Now they say they have to go, that the tobacco probably messed with her blood vessels and now her tissues are dying. She imagines angry blood vessels scowling as they inflate like pufferfish.
The toes are the first of her body to crumple and fall away. Her bad habit has gone too far and she regrets it. She regrets not letting her toes see the world before they leave it.
She wonders what they would enjoy most before they are let go. She thinks of the photos she's seen on calendars and vacation brochures of feet at the ocean's edge, the waves coming up to tickle them. She drives to the Jersey shore and tries it. But it's April and the water is cold and dark, and she cries out when it reaches her. This has only made her more afraid.

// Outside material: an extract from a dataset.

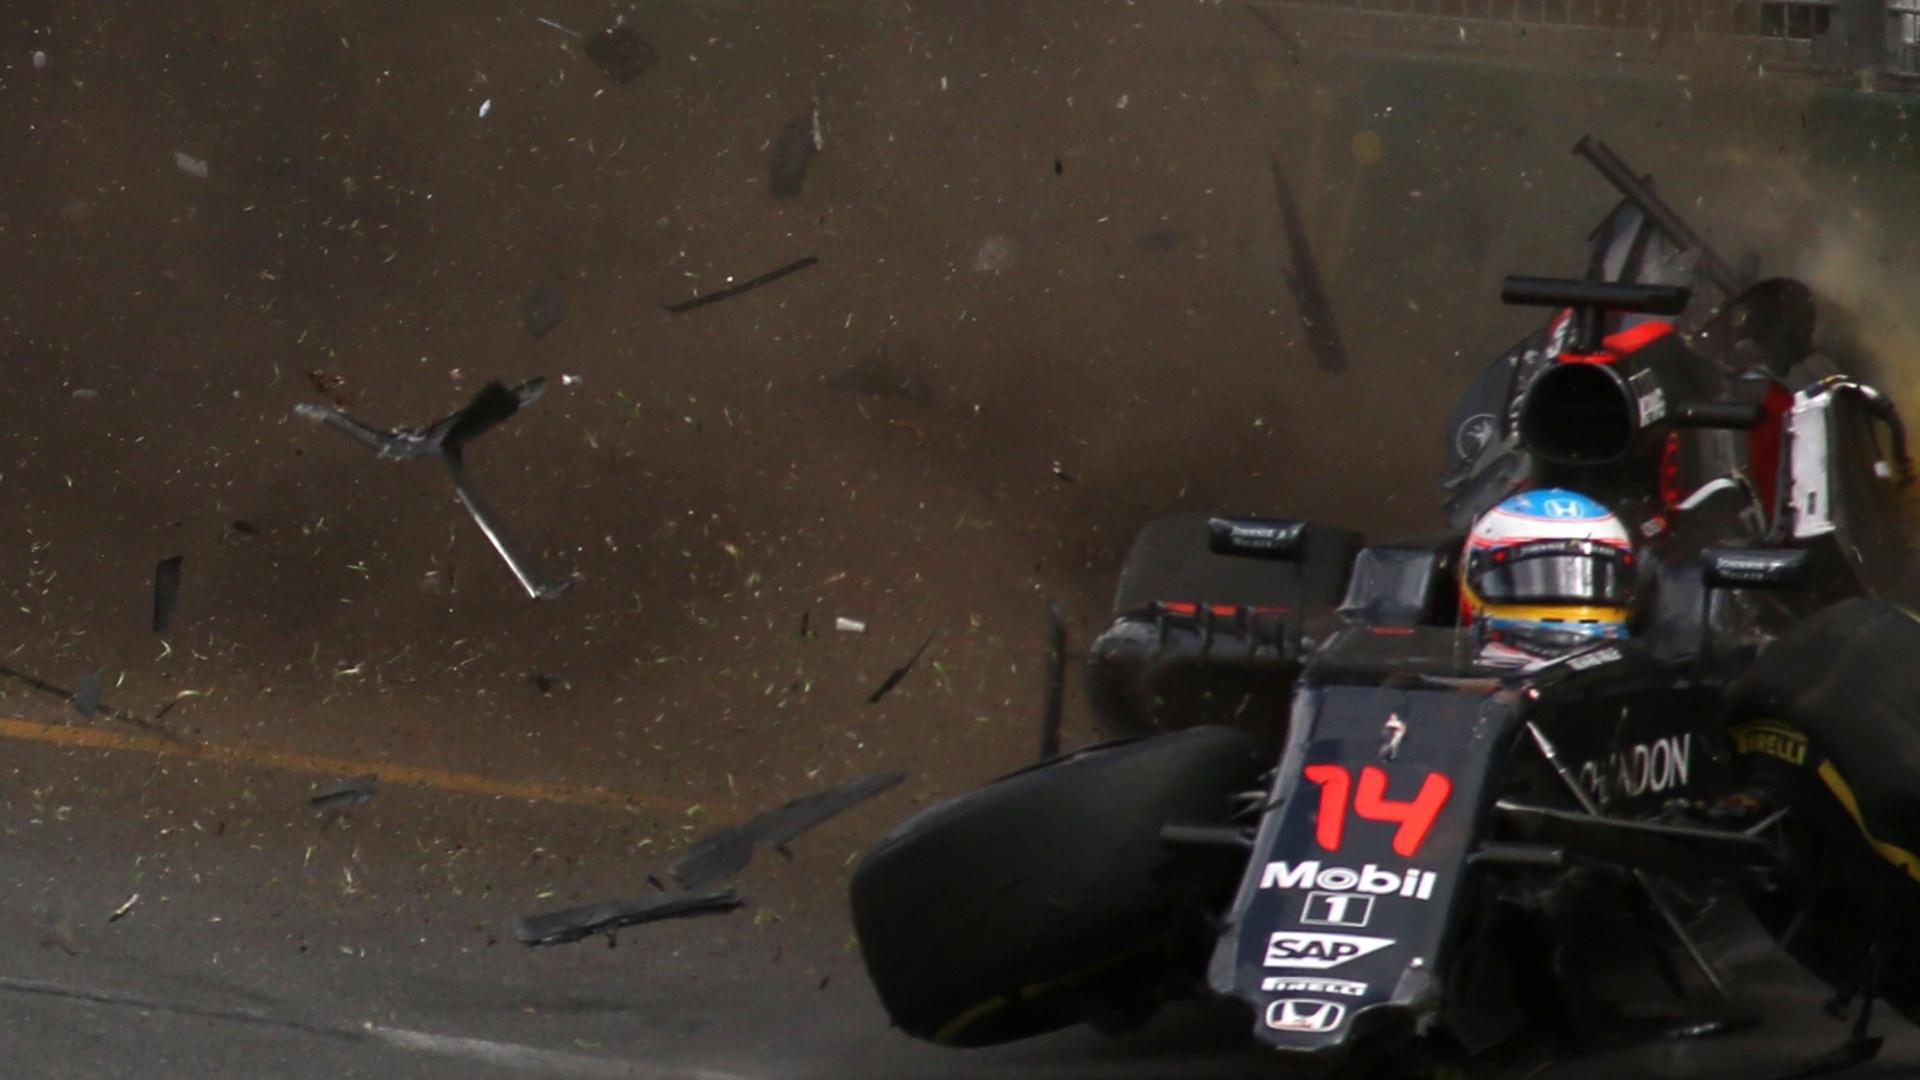 20.mar.2016 - Um acidente que destruiu completamente a McLaren Honda do piloto espanhol Fernando Alonso marcou o Grande Prêmio da Austrália de Fórmula 1, o primeiro da temporada. Alonso saiu ileso do episódio, mas a corrida chegou a ficar paralisada por 20 minutos. A prova foi vencida por Nico Rosberg, da Mercedes. O brasileiro Felipe Massa foi o quinto colocado, enquanto Felipe Nasr terminou em 15º

She decides to have it done at home, in Florida, where her mother can care for her afterward. Margaret has just remarried and moved into a house with a pool out back. The night before they have to be let go, Margaret makes everyone cookies, and they stay up late talking about everything but what's going to happen. When everyone is finally asleep, Joan goes out to sit in the dark by the pool with her feet in the water. She thanks her toes for hanging around so long where they were not loved.